Ночью плывут они (звёзды) по ней (Нут) до края неба, они поднимаются, и их видят. Днём они плывут внутри неё, они не поднимаются, и их не видят. Они входят за этим богом (Ра) и выходят за ним. И тогда они плывут за ним по небу и успокаиваются в селениях после того, как успокоится его величество (Ра) в западном горизонте. Они входят в её рот на месте её головы на западе, и тогда она поедает их.
И тогда Геб ссорился с Нут, ибо он гневался на неё из-за поедания детей. И было наречено ей имя «Свинья, поедающая своих поросят», ибо она их поедает.
И вот её отец Шу поднял её и возвысил её выше его головы и сказал: «<...> Геб, да не ссорится он с ней из-за того, что она поедает [их] порождения, ибо она родит их, и они будут жить и [329] выйдут из места под её задом на востоке ежедневно <...> И никто из них не упал там, будучи сброшен на землю».
А) Гимн времени Среднего Царства
Вот, его величество [правящий фараон] искал случаев угодить отцу всех богов и совету богов Юга, главенствующему на волнах. И его сердце, мудрое, как у Тота, размышляло о благах, которые они любят. Нет фараона со времён Ра, который сделал бы то, что он сделал в этой стране! И вот его величество сказал:
«Вот Нил оживляет Обе Земли: пища и еда существуют [только] после того, как он разливается. Все живут благодаря ему, богатеют [только] по его приказанию. <...> Хапи выходит из двух пещер, чтобы напитать жертвенными хлебами богов. Когда священная вода — около Хени, вот в этом его превосходном месте, то ему здесь удваивают жертвы».
(«Далее следует указание, что так как благодаря разливам становятся доступными для земледелия новые земли, то фараон повелевает приносить жертвы "Амону-Ра, царю богов, Хапи, отцу богов, и совету богов Юга, главенствующему на волнах", дважды в год: во время разлива и во время низкой воды, причём праздник продолжается сутки. Перед списком жертв стоит следующее интересное заглавие: "Список жертв, которые будут приноситься всем богам и Нуну в день, когда бросают в воду Книгу Хапи[6]"».[7] [552]
4.
А) «Тексты пирамид»
Прыгнула Мафдет на загривок змея Индиф,
Прыгнула она вновь на загривок змея Джесертеп.
<...>
Поднимается Ра и его урей на его челе
Против этого змея, вышедшего из земли <...>
Отрезает он твою голову этим ножом,
Который был в руке Мафдет.
Б) «Книга Мёртвых»
Назад, идущий, которого заставляют отступать,
Порождение Апопа!
Дрожи!
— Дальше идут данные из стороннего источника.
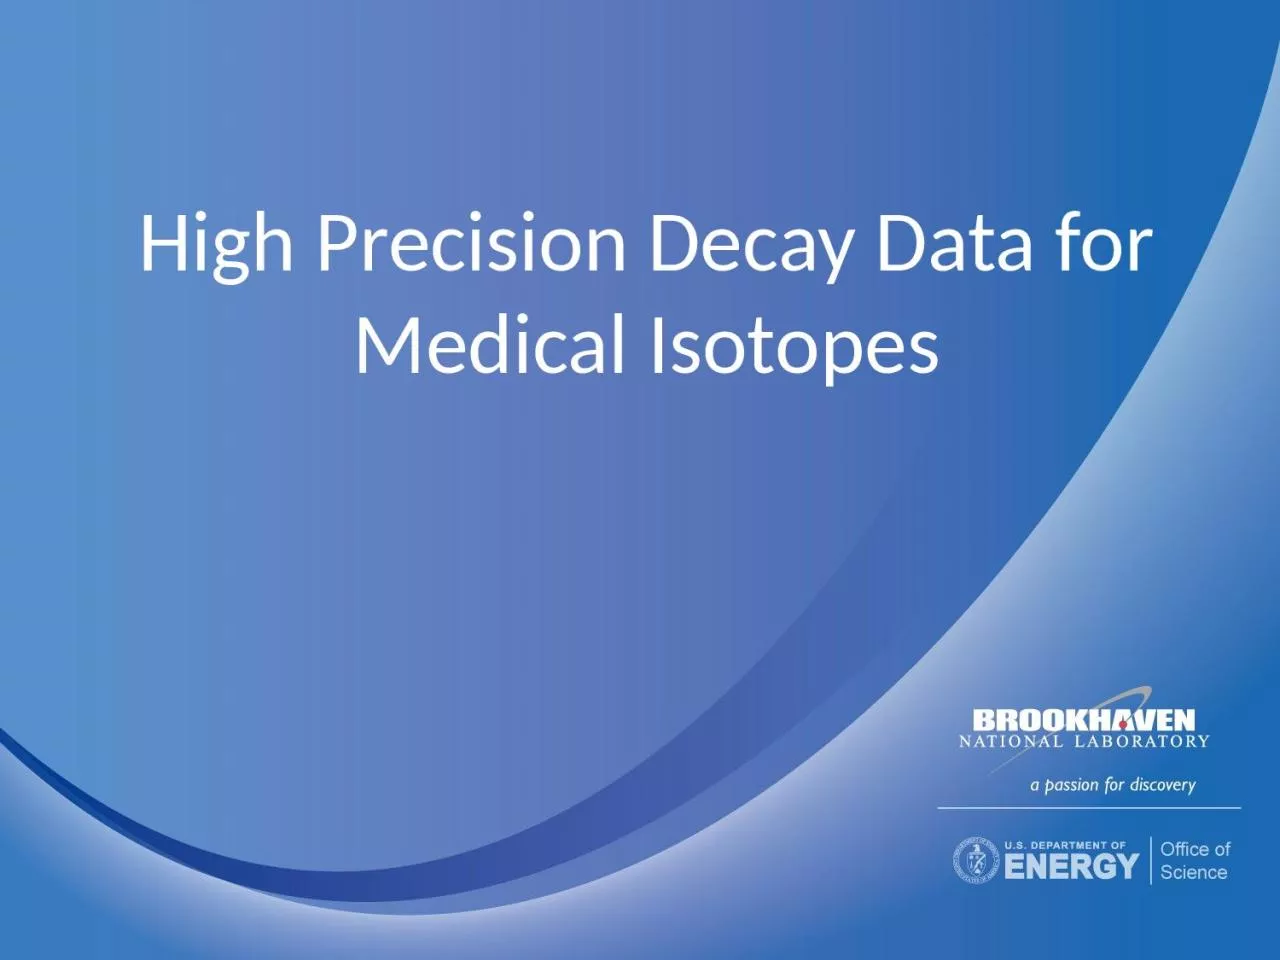 High Precision Decay Data for Medical Isotopes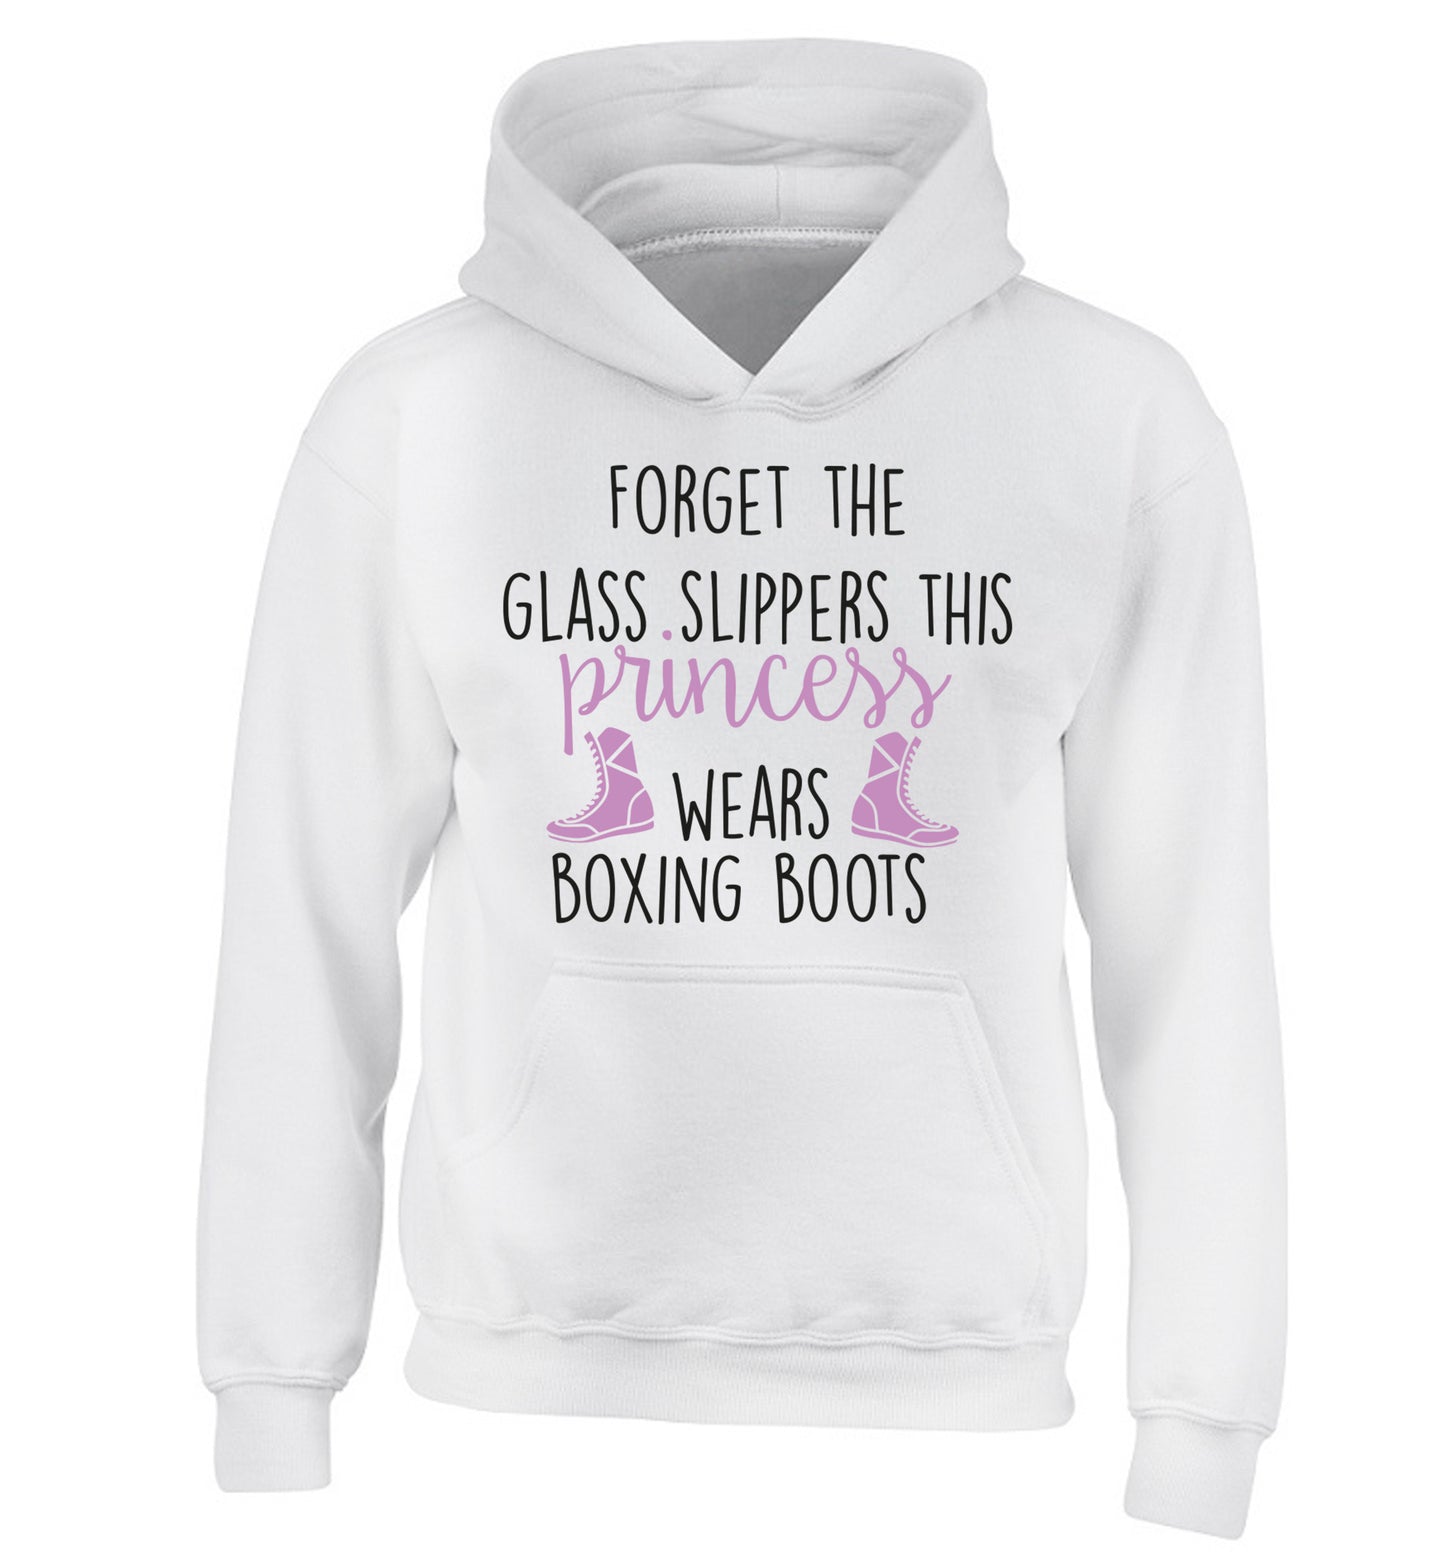 Forget the glass slippers this princess wears boxing boots children's white hoodie 12-14 Years

Я — Ра! Дрожи! Назад!
Истребляют твой яд,
Ра тебя опрокидывает,
Боги тебя опрокидывают,
Сердце твоё вырвано Мафдет,
Ты закован скорпионом,
Рана твоя предписана истиной.
27:
Я этот Великий Кот, который сражался при сикоморе в Гелиополе, в ночь битвы, тот, который сторожил виновных в день истребления врагов вседержателя.
«Что это? — Великий Кот, который сражался при сикоморе в Гелиополе, это сам Ра».[8] [333]
А) Прославление Осириса
Б) Прославление Хора
Знаете ли вы, почему [город] Пе был отдан Хору? Я это знаю, если вы не знаете. Это Ра ему отдал его в вознаграждение за рану, которую Хор получил в глазу, вот так: Хор сказал Ра: «Позволь мне увидеть существа, которые сотворило твоё Око, так, как оно их видит».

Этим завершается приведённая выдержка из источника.